**WHAT TO DO**
Starting at the line with "blank invoice template" and ending at the line with "VLAN-Aware CRB Overlay", print exactly the lines of the entries below. Pictures do not belong in the copy.

**DATA EXTRACTS**
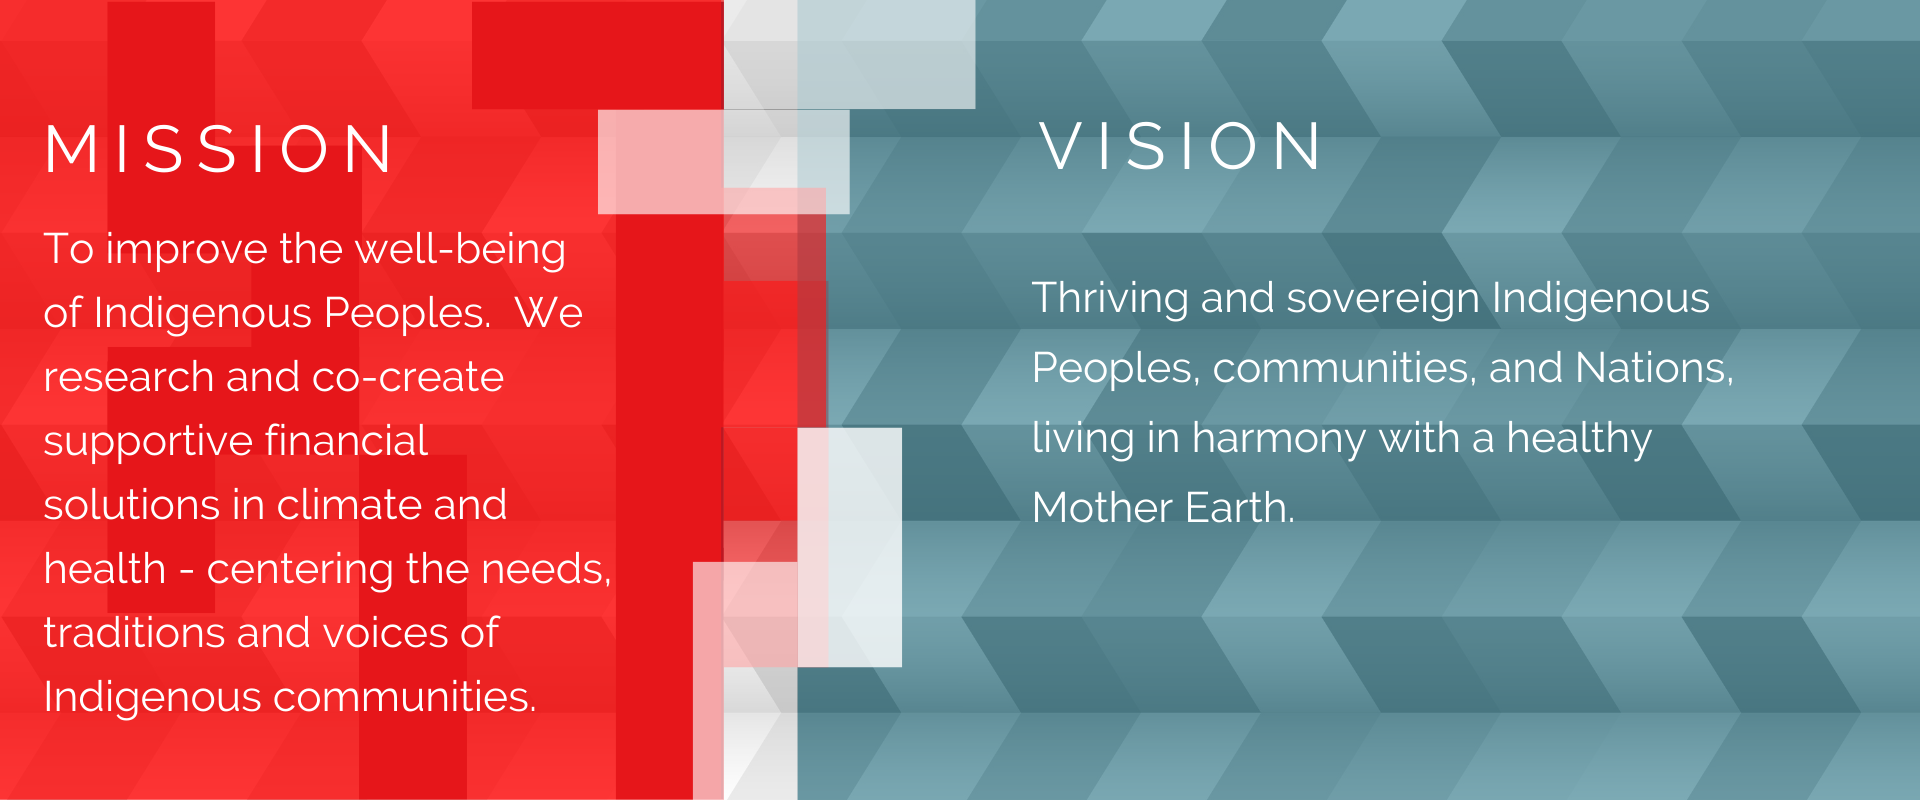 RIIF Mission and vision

--

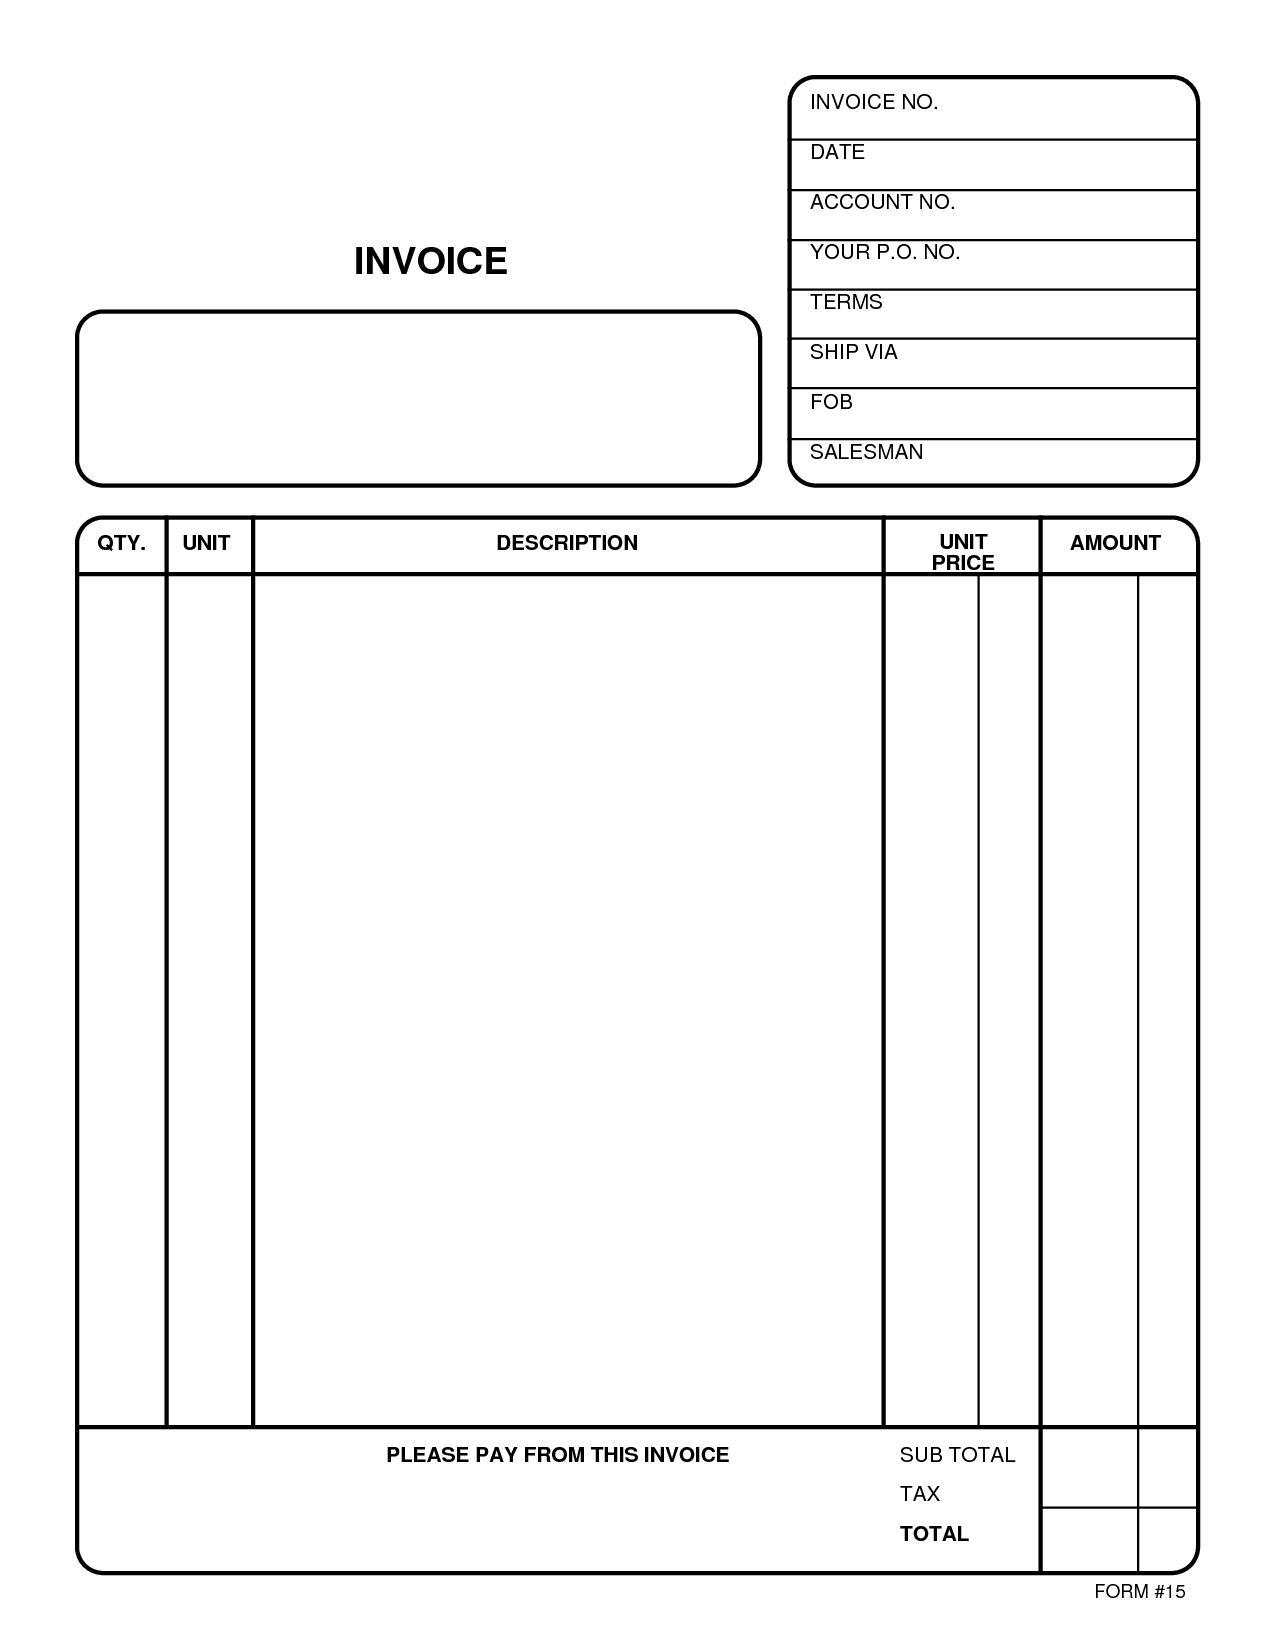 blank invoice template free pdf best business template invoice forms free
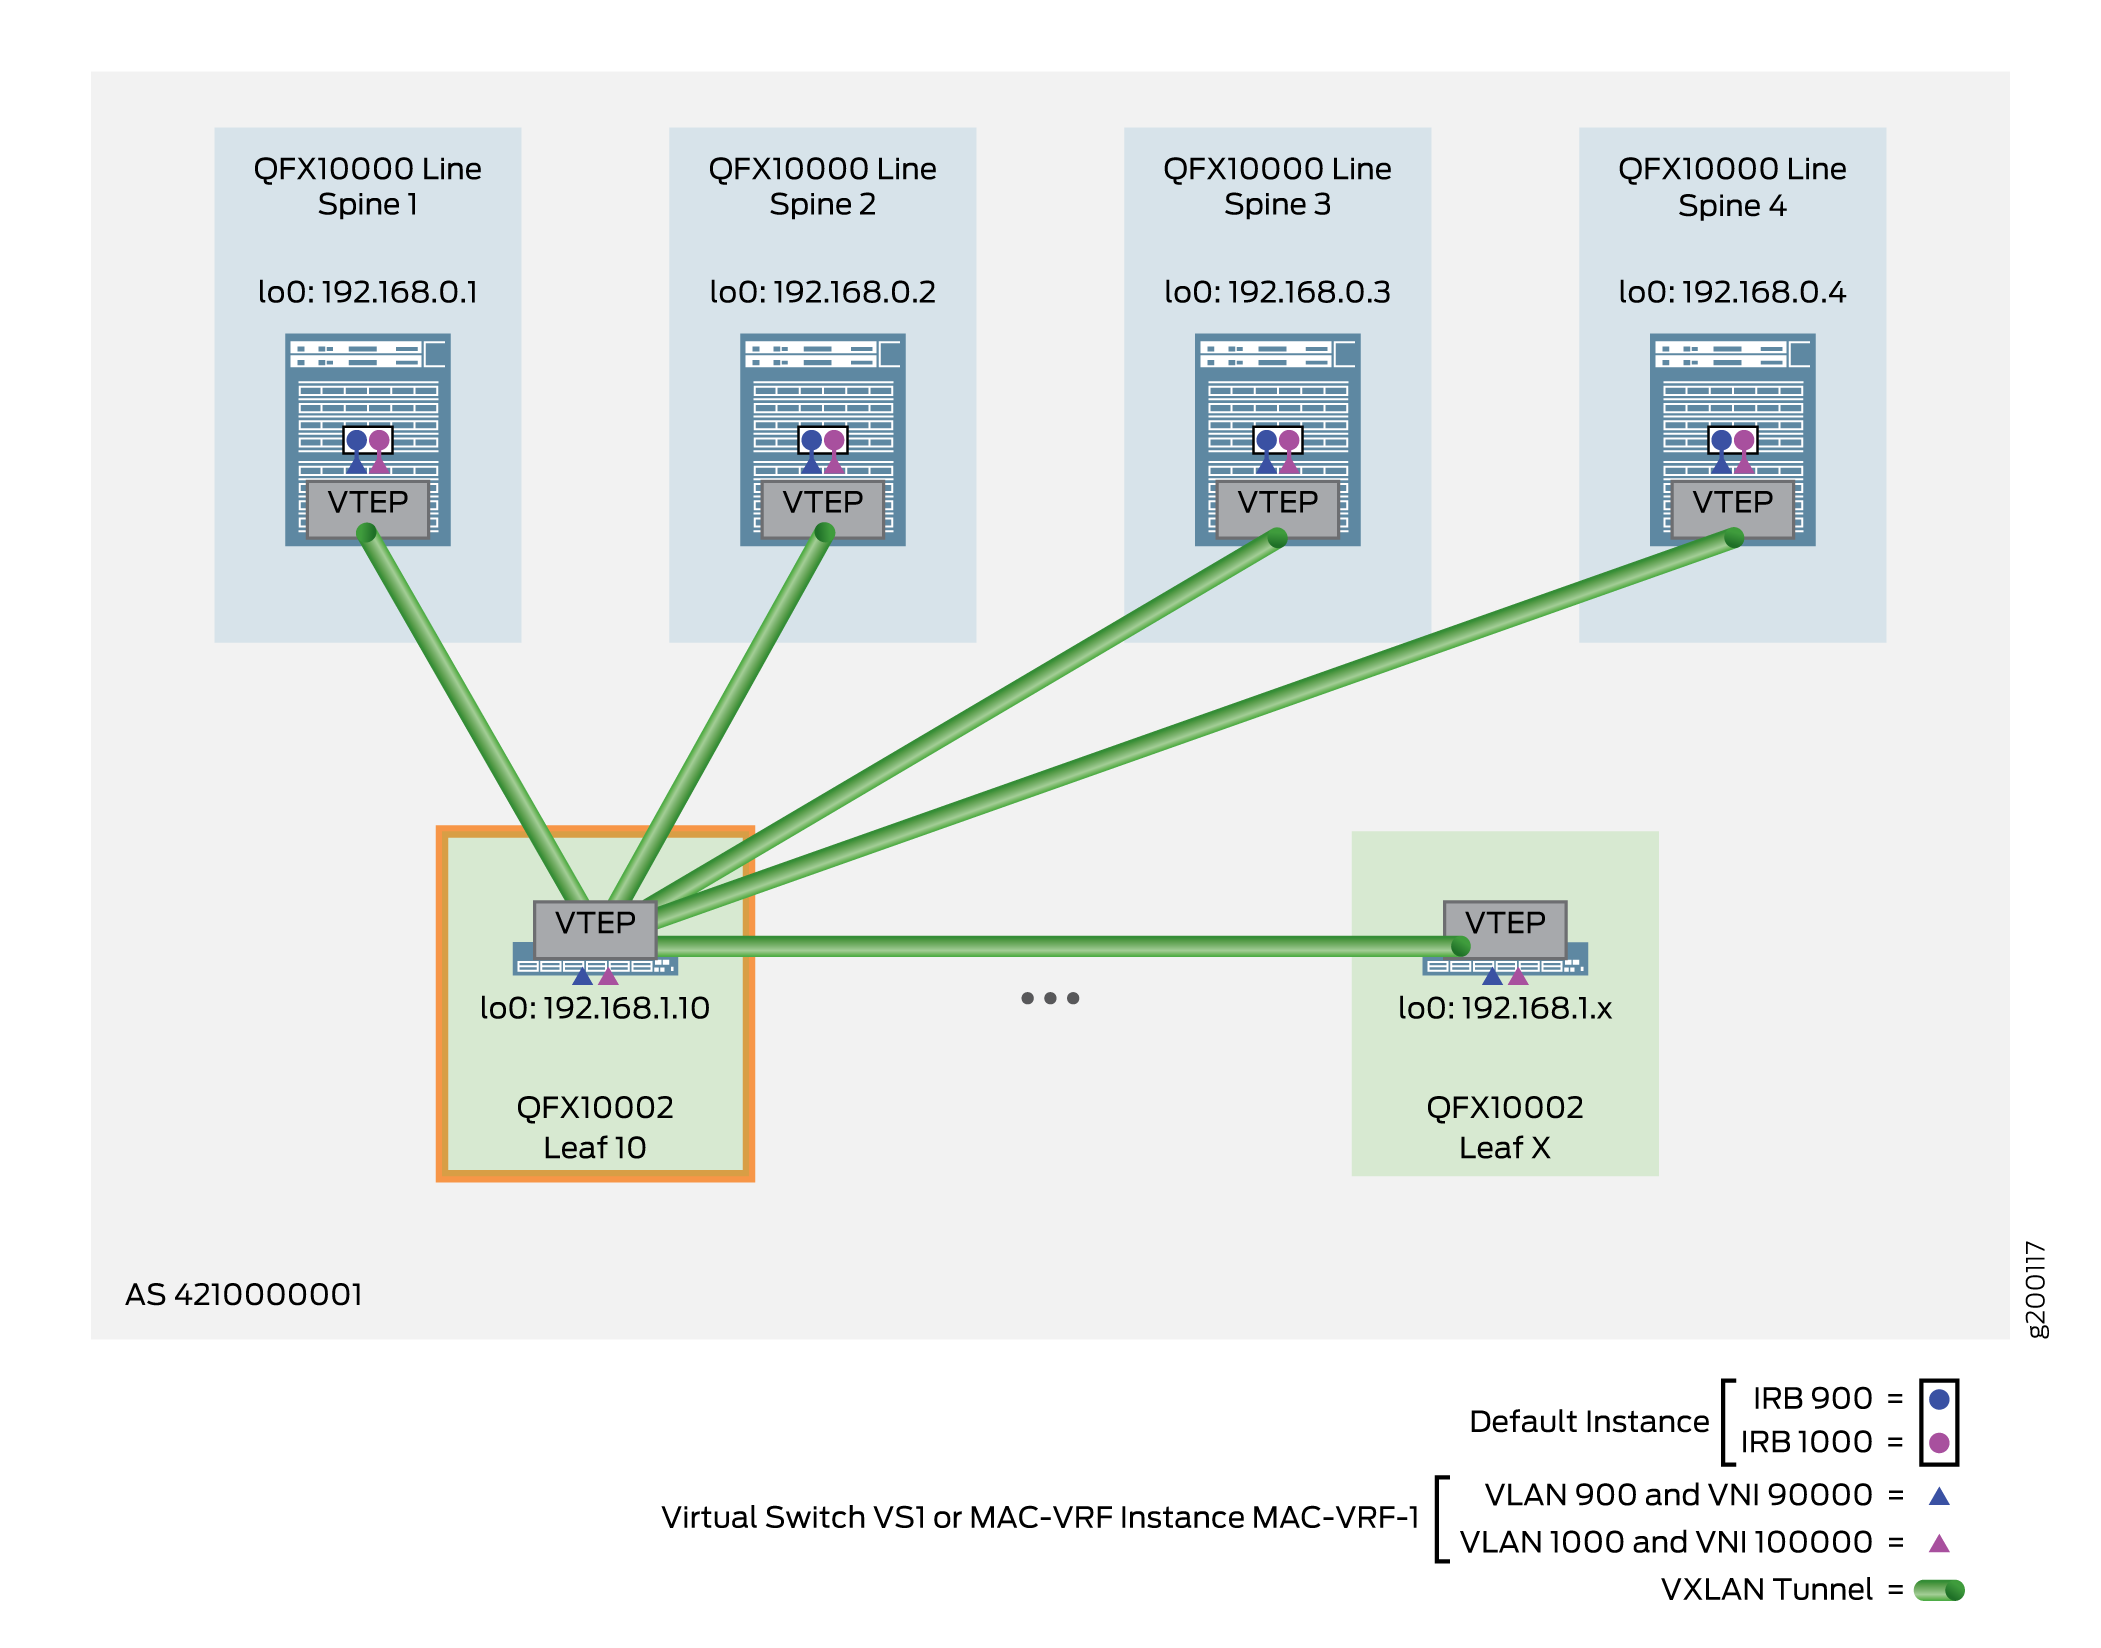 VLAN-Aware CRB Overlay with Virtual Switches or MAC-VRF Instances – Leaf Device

**TASK SOLUTION**
 blank invoice template free pdf best business template invoice forms free
 VLAN-Aware CRB Overlay with Virtual Switches or MAC-VRF Instances – Leaf Device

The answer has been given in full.